| SUPPLIED DATA |
=== Section Start ===
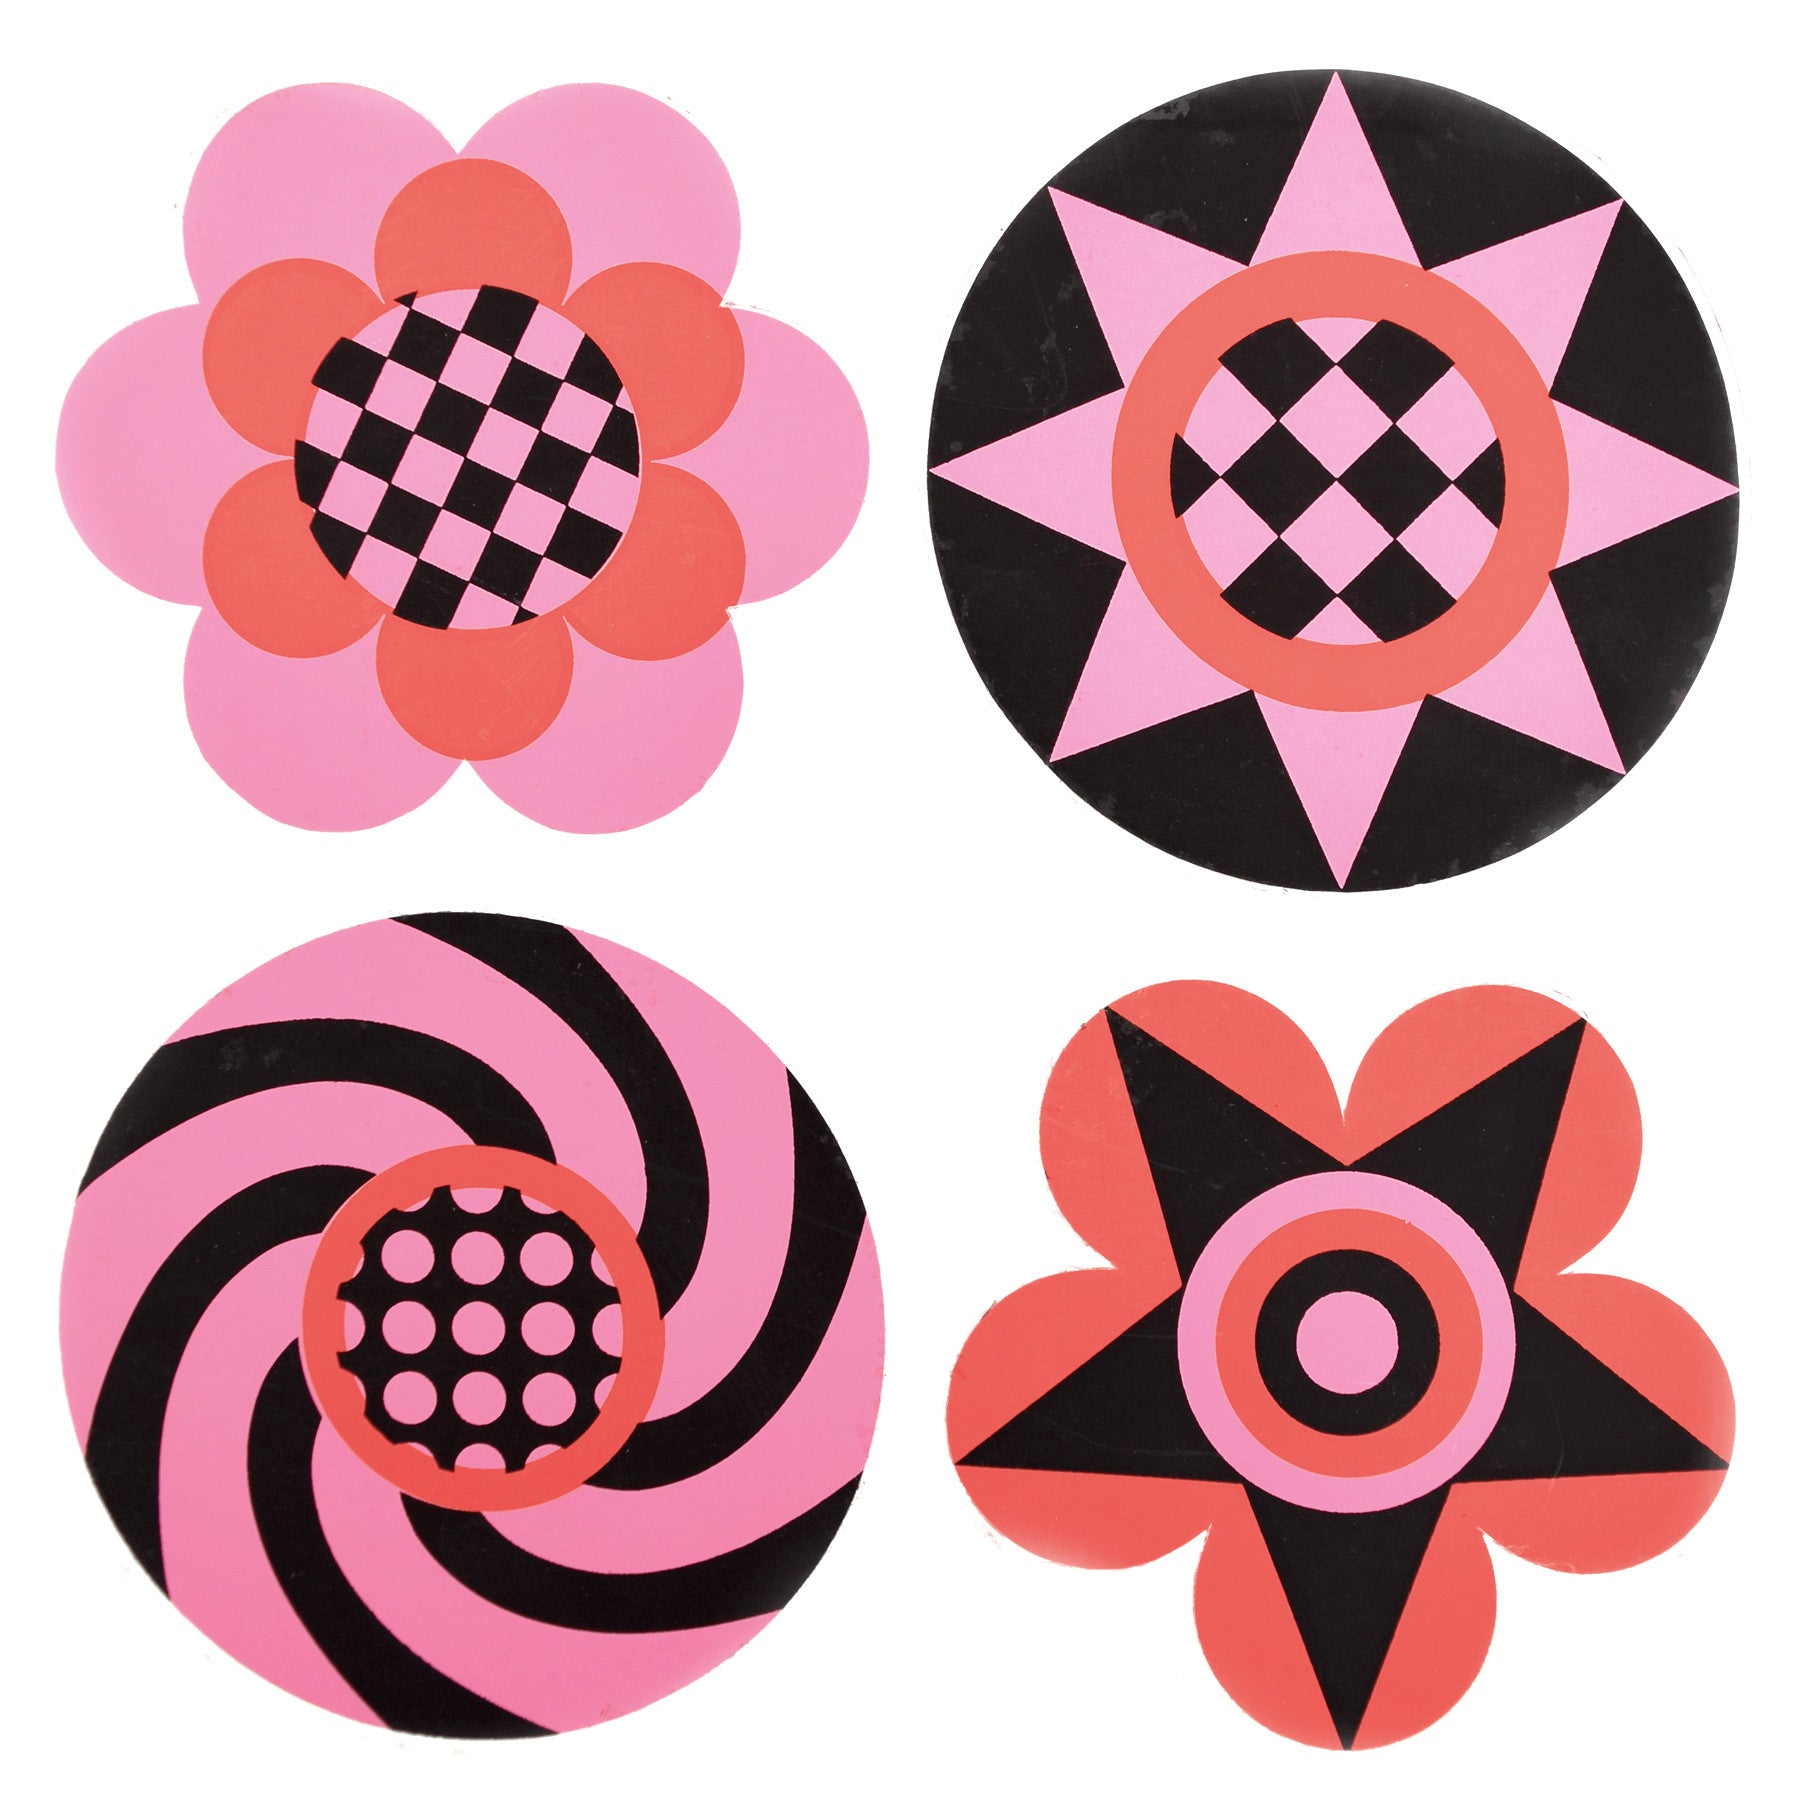 Vintage 1970s Sticker - by Jan Pienkowski - 4 Small Flower Design, Pink, Red & Black
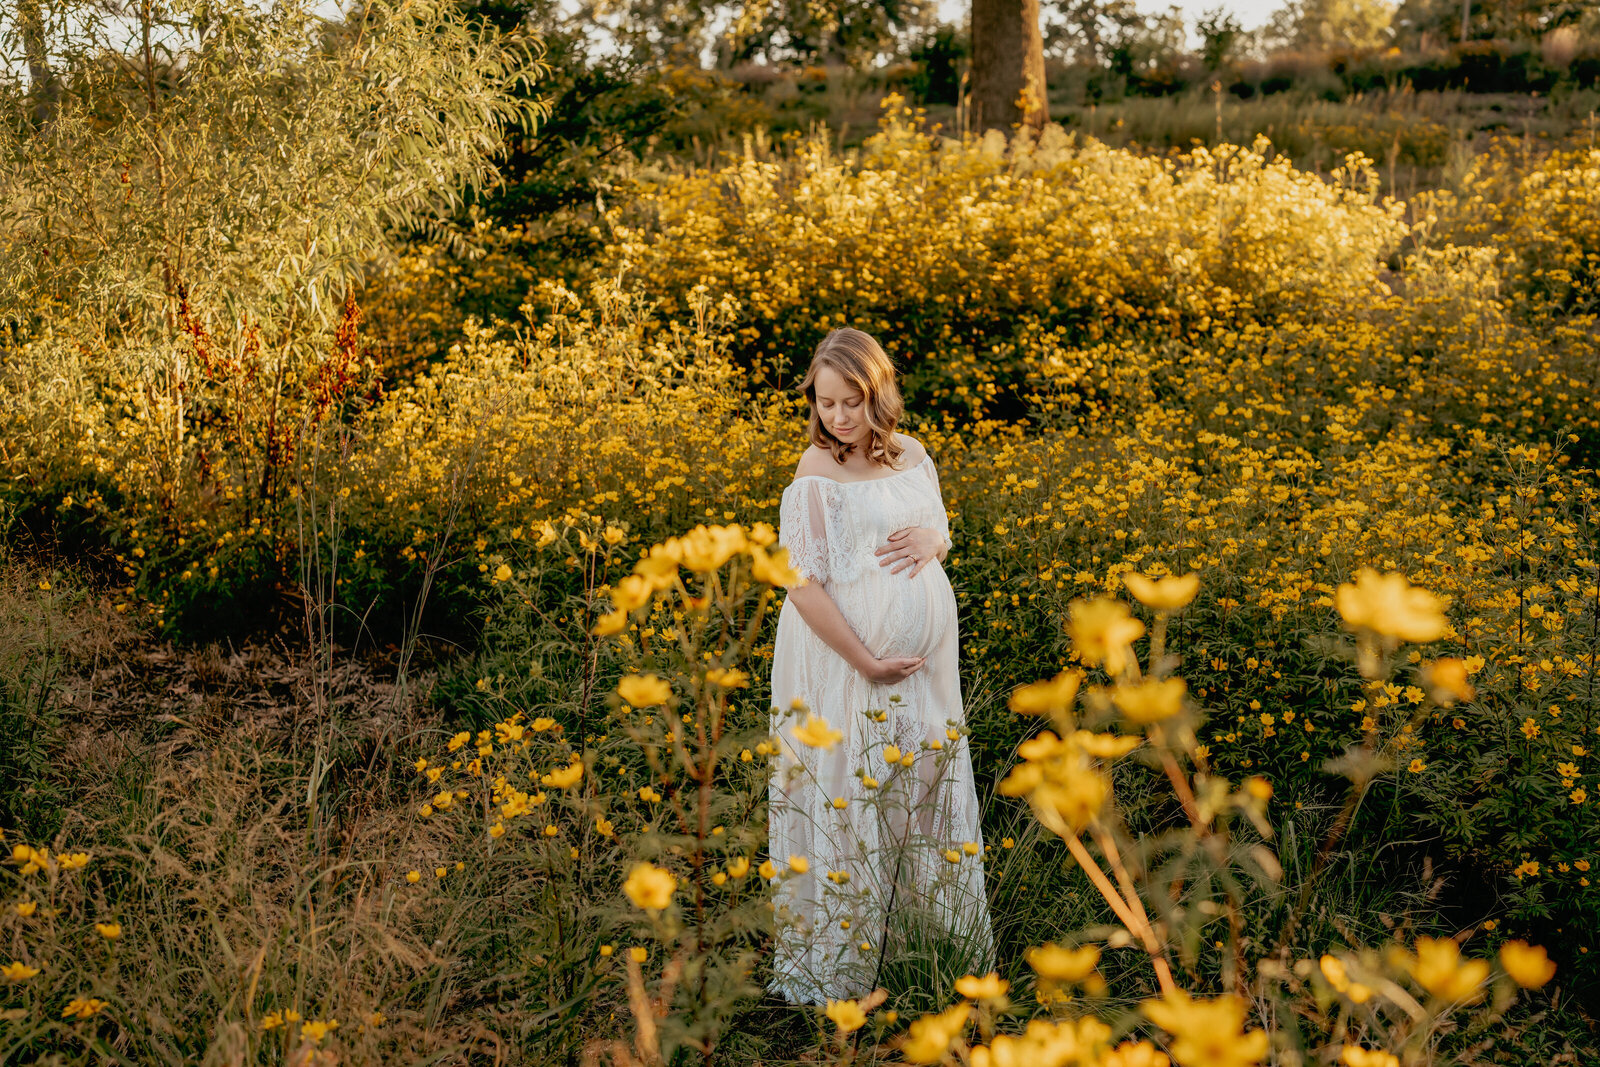 woan standing in yellow flowers field
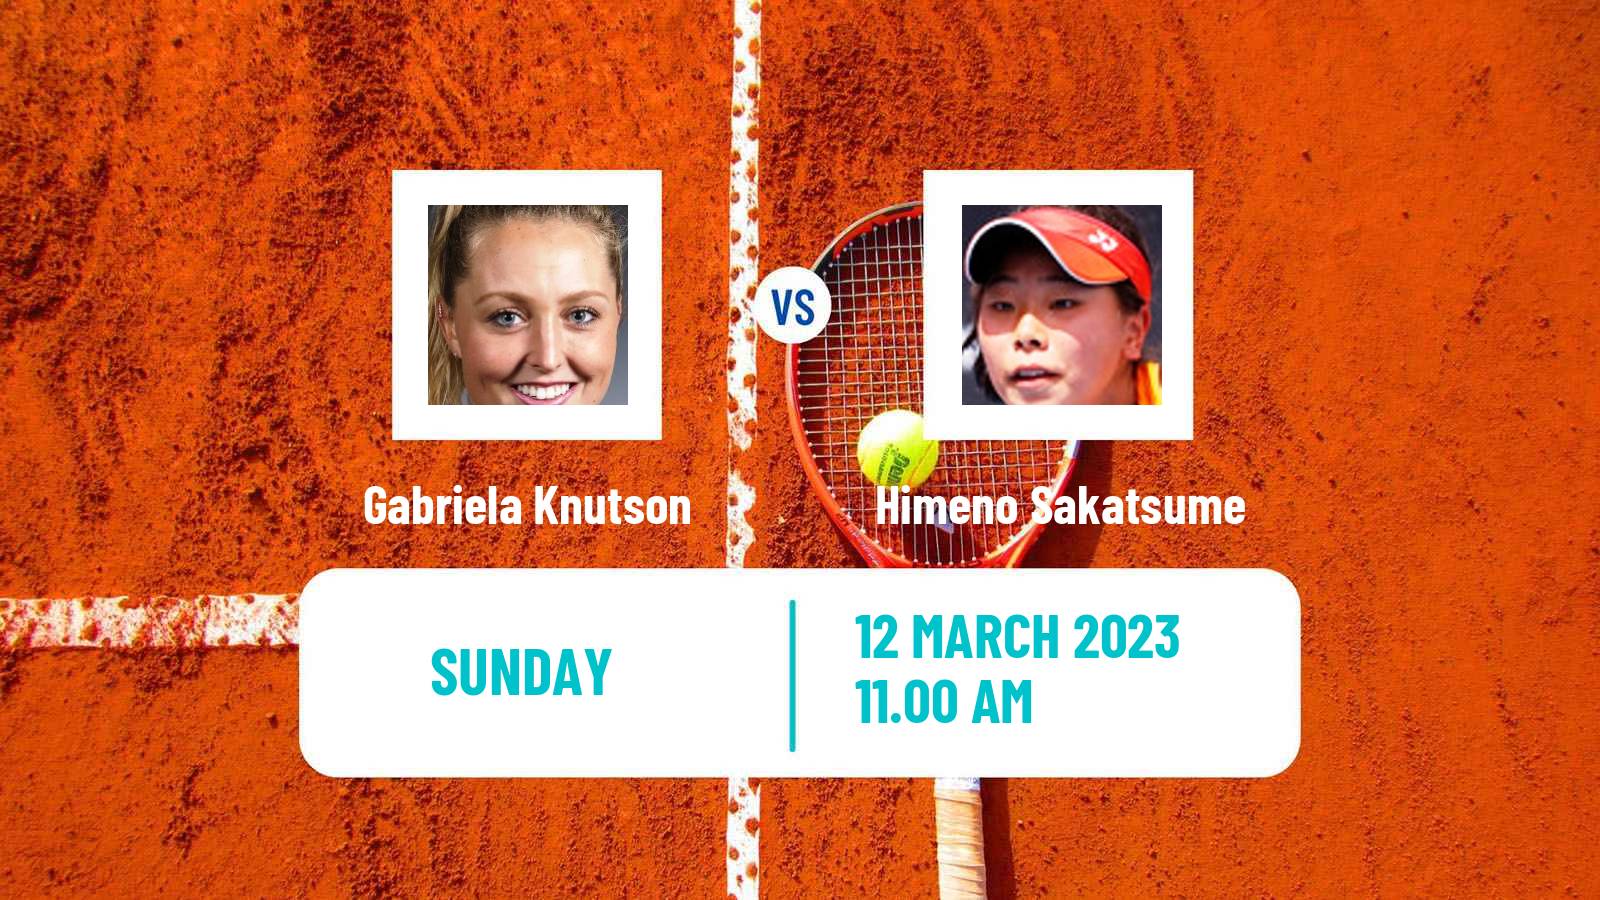 Tennis ITF Tournaments Gabriela Knutson - Himeno Sakatsume
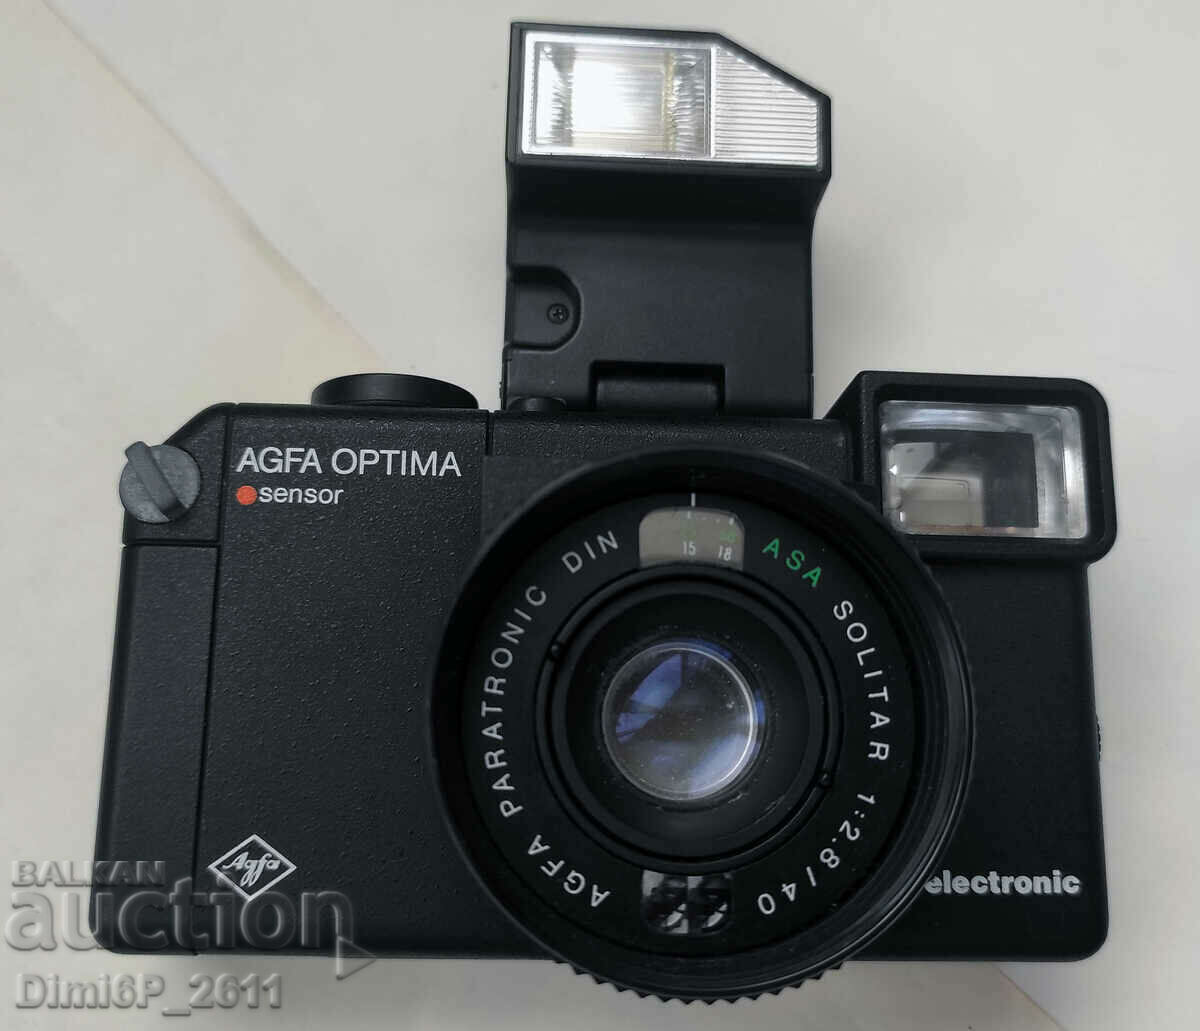 Camera electronica Agfa Optima
=== Section End ===
| ACTIVITY |
Retyped exactly, the lines from the one holding "woan standing in yellow flowers field" through the last line of the data above are the whole answer. Pictures stay out.

| TASK RESPONSE |
 woan standing in yellow flowers field
 Tennis ITF Tournaments Gabriela Knutson - Himeno Sakatsume
 Camera electronica Agfa Optima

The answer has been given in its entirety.